Information supplied:
········

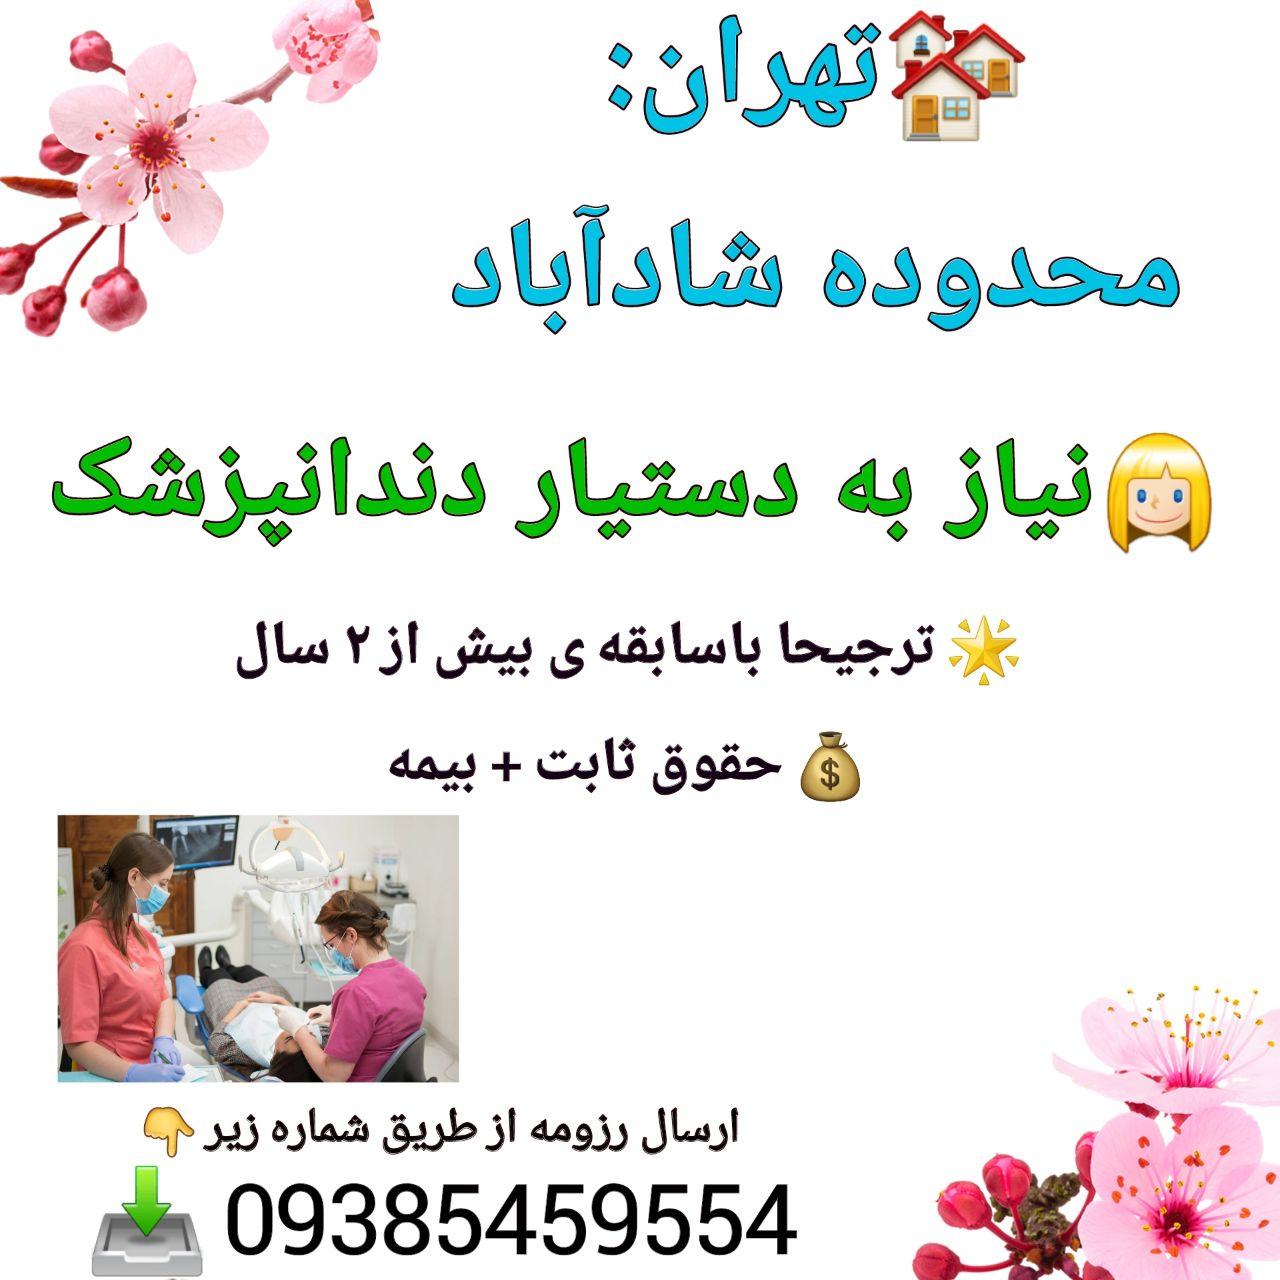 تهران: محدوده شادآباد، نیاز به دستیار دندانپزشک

········

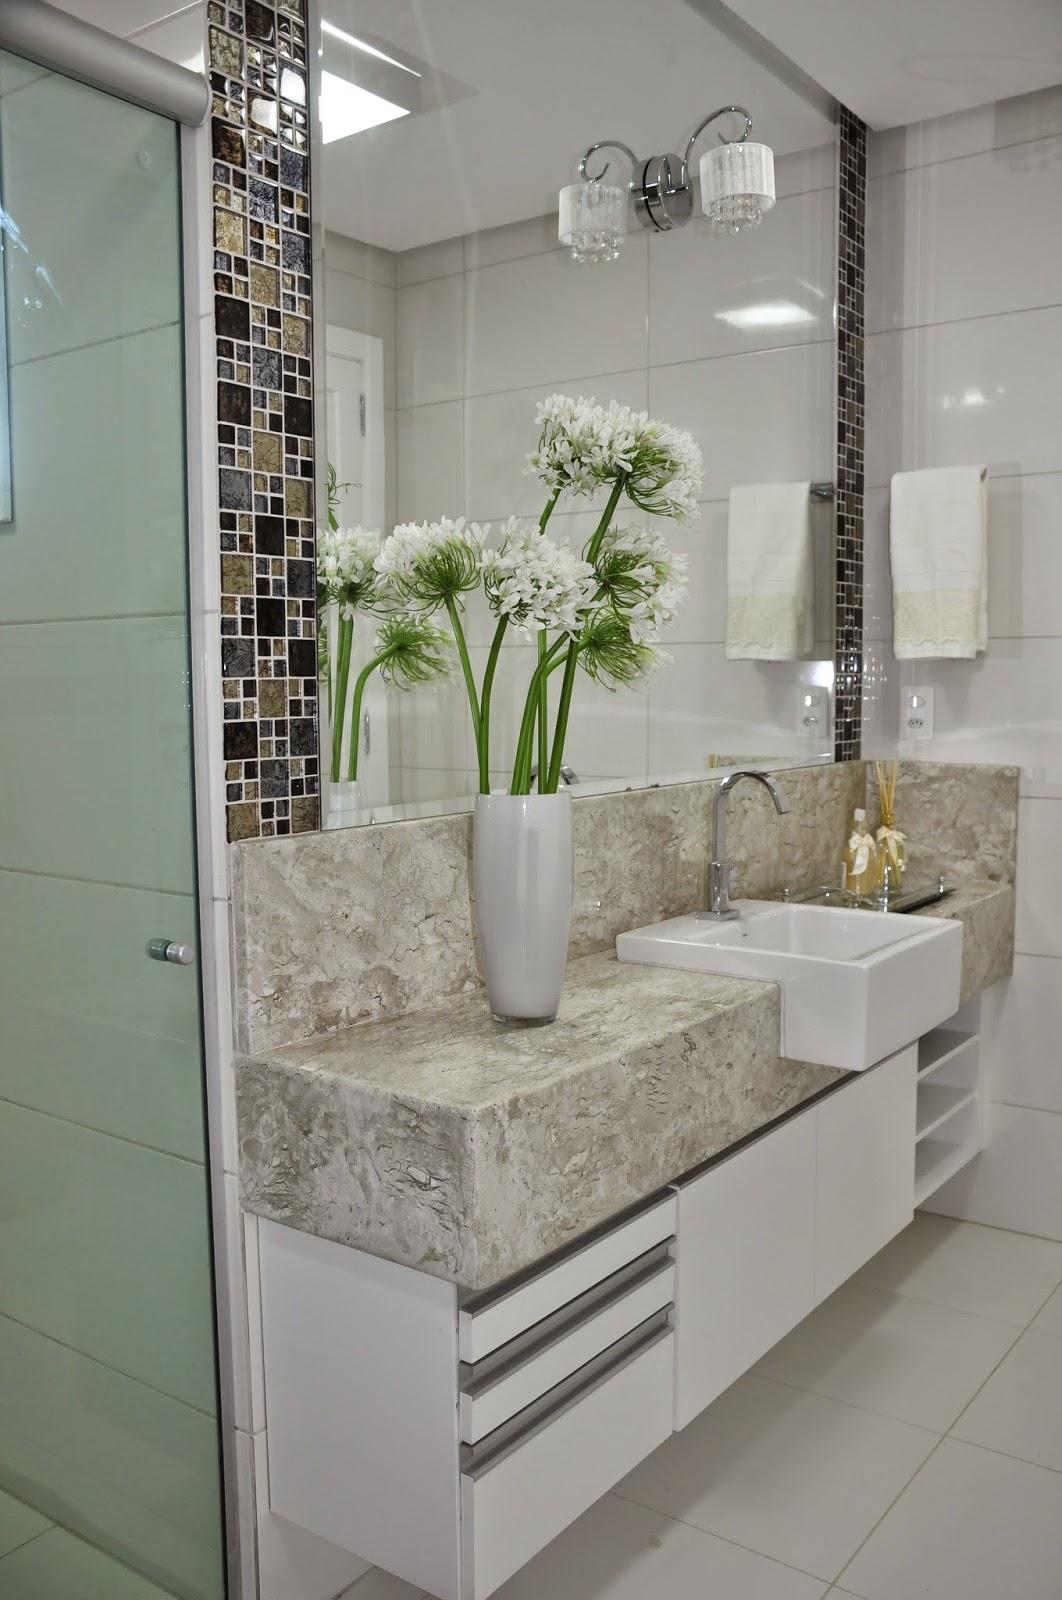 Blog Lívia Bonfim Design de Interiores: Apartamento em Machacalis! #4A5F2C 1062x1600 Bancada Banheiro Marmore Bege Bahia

········

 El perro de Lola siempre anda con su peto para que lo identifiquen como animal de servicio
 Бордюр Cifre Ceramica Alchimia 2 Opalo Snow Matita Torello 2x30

········

Task brief:
Take exactly the lines from the one containing "El perro de" through the one containing "Бордюр Cifre Ceramica" in the data above, and output them with nothing added.

Response to the task:
 El perro de Lola siempre anda con su peto para que lo identifiquen como animal de servicio
 Бордюр Cifre Ceramica Alchimia 2 Opalo Snow Matita Torello 2x30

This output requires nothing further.